Yale University’s College Republicans chapter hosted a barbecue on campus Friday, just a few tantalizing feet from a union-led hunger strike.
According to The Yale Daily News, eight graduate students had resolved to fast until university administrators agreed to cooperate with a graduate student-employee union, Local 33, over its requests for renewed contract negotiations.
The school had repeatedly neglected to meet the union’s deadlines for beginning negotiations, eventually pushing members of the union to launch an indefinite hunger strike on campus, with one participant in the strike, Emily Sessions, remarking that “a fast requires a community around the fasters.”
As Campus Reform previously reported, the hunger strike is actually more of a tag-team effort, with plans to send in fresh strikers to replace members who grow hungry.
Consequently, the College Republicans decided to host a “friendly barbecue in support of Local 33,” noting that for “solidarity purposes” the barbecue would be in the protesters’ “immediate vicinity,” the Daily News reports.
Members of the union, however, claimed they were able to ignore the sights and smells of the barbecue, telling the Daily News that they “weren’t focused on it.”
“We’re really focused on making sure we’re drinking enough water and getting enough rest. We’re focused on getting the university’s attention,” Local 33 Chair Aaron Greenberg explained.

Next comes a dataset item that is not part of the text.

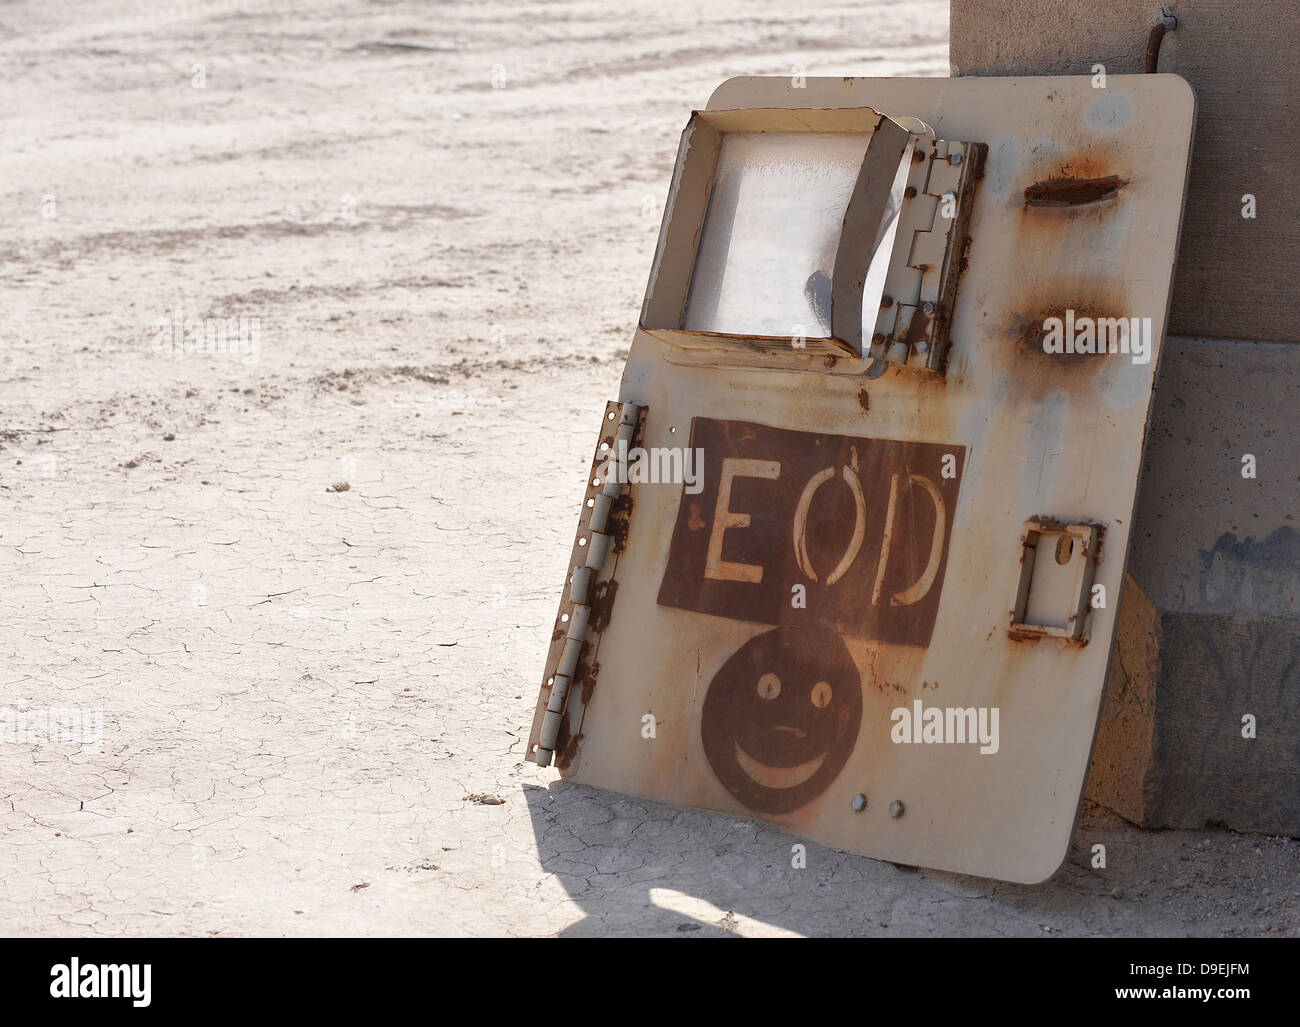 Un'eliminazione degli ordigni esplosivi logo è dipinta su una vecchia porta del veicolo in corrispondenza di una delle gamme in Ali Air Base, Iraq. Foto Stock

While it is unclear how long the strike will go on, Yale spokesman Tom Conroy informed the Daily News that Local 33 never actually requested permission to erect a tent on campus, explaining that the protesters’ continued “presence and the structure do not comply with university policies on free expression.”
Meanwhile, it was reported Sunday evening that an unknown individual, referring to himself as an “anonymous Yale alumnus,” delivered $200 worth of pizza to the strikers, though they in turn redirected the food to an on-campus food drive.